Alors que les pays de l’Union européenne se réunissent, jeudi 23 avril, en sommet extraordinaire à Bruxelles pour passer en revue un plan d’actions face à la crise des migrants en Méditerranée avec une insistance sur les aspects sécuritaires, Amnesty International pointe avec vigueur la négligence des pays européens.
Le directeur exécutif du programme Europe et Asie centrale d’Amnesty International, John Dalhuisen n’a pas hésité à lancer une accusation de non soutien à des milliers de personnes en danger.
« La négligence de l’Europe, qui a manqué au devoir qui est le sien de sauver des milliers de migrants en péril dans la Méditerranée, est comparable à celle de pompiers qui refuseraient de sauver des gens sautant d’un immeuble en feu. Il incombe aux gouvernements non seulement d’éteindre le feu mais aussi d’attraper les personnes qui ont sauté du rebord de la fenêtre » a-t-il indiqué.
L’ONG interpelle avec force les pays européens et l’opinion publique dans un document qui révèle l’ampleur de la tragédie des « Naufrages en Méditerranée ». Dans cette synthèse, publiée mercredi 22 avril, l’ONG dévoile les chiffres accablants des morts en Méditerranée.

Près de 1 700 personnes ont ainsi péri au cours des trois premiers mois de l’année 2015, soit 100 fois plus qu’au cours de la même période en 2014 et une moyenne effroyable d’un mort toutes les deux heures en Méditerranée depuis janvier.
« C’est plus que le naufrage du Titanic », a souligné mercredi Geneviève Garrigos, présidente d’Amnesty international France.

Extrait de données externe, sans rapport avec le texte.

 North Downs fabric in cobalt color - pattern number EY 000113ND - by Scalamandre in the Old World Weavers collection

L’augmentation du nombre de morts est indissociable de l’arrêt de l’opération humanitaire de la marine italienne Mare Nostrum, pointe Amnesty International. « La décision d’abandonner Mare Nostrum, fin 2014, a contribué à une très forte augmentation du nombre de morts de migrants et de réfugiés en mer », indique l’organisation.
Afflux de migrants
D’autant que l’arrêt de l’opération a correspondu avec une augmentation du nombre de réfugiés et de migrants essayant de rejoindre l’Europe par la mer. Les premiers mois de 2015 ont été marqués par l’afflux d’un nombre record de réfugiés et migrants tentant de rallier l’Europe par la mer: quelque 24 000 personnes ont atteint l’Italie par ce biais souligne Amnesty dans sa synthèse.
Les franchissements irréguliers des frontières en Méditerranée centrale ont ainsi augmenté de 42 % lors des deux premiers mois de 2015, principalement par la Libye, comparés aux deux premiers mois de 2014 (de 5 506 à 7 834). Ces chiffres, selon Frontex, « défiaient les normes saisonnières généralement basses, l’hiver étant la saison la plus dangereuse pour traverser la mer Méditerranée. »

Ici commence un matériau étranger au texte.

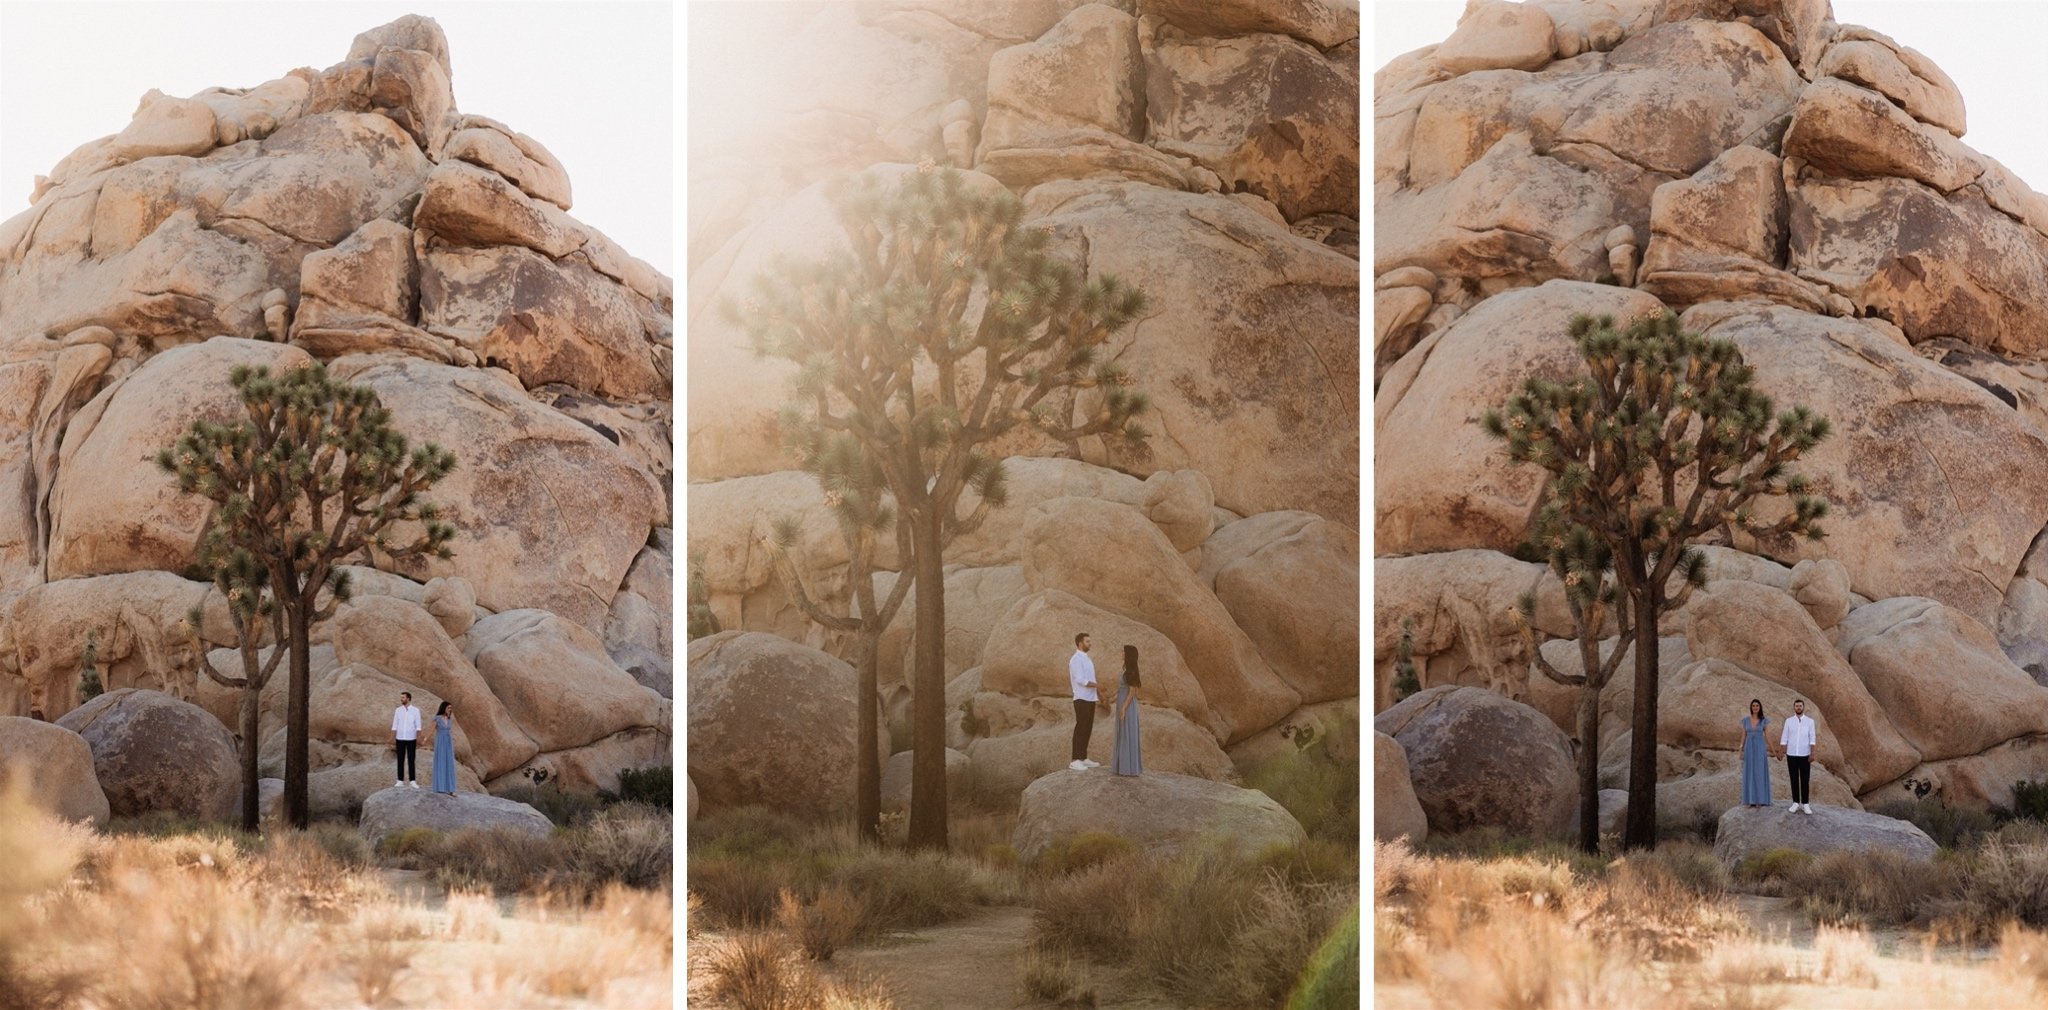 Joshua Tree Couples Session Surprise Proposal - Will Khoury Photography_19.jpg

En 2014, l’agence Frontex a comptabilisé 278 000 franchissements irréguliers des frontières européennes, soit environ 2,5 fois plus qu’en 2013 (107 000) et 2 fois plus qu’en 2011 (141 000) lors du printemps arabe. La plupart de ces entrées en 2014 se sont faites en Méditerranée, 218 000 selon le Haut Commissariat aux Réfugiés (HCR), dont 170 000 environ étaient à destination de l’Italie.
Arrêt malgré la réussite
L’arrêt de Mare Nostrum est d’autant plus injustifiable que l’opération avait permis de secourir plus de 166 000 personnes en 2014, relève Amnesty.
Mare Nostrum bénéficiait d’un budget de 9 millions d’euros par mois et déployait à n’importe quel moment cinq bateaux de la marine italienne, accompagnés de supports aériens et d’une équipe d’environ 900 personnes, rappelle l’ONG.
Avec l’arrêt de l’opération, les capacités de ces opérations en Méditerranée centrale sont revenues à la normale. Depuis le 1er janvier 2015, ces capacités se limitent principalement aux ressources des gardes-côtes et des navires marchands.
Après la fin de Mare Nostrum, les gouvernements européens ont chargé Frontex, l’agence de protection des frontières de l’UE, d’établir l’opération Triton.
Le plan d’action en dix points de la Commission européenne examinée ce 23 avril au Sommet extraordinaire de Bruxelles prévoit le renforcement financier et en navires des opérations de surveillance maritime Triton au large de l’Italie et Poséidon pour la Grèce, mais aussi la capture et la destruction des bateaux utilisés par les passeurs, notamment en Libye.
Amnesty International estime que la vision sécuritaire n’est pas suffisante. Les chefs d’Etats européens, a indiqué John Dalhuisen, ont une « occasion historique de mettre fin à cette tragédie humanitaire qui prend des proportions colossales ». Entendront-ils le message?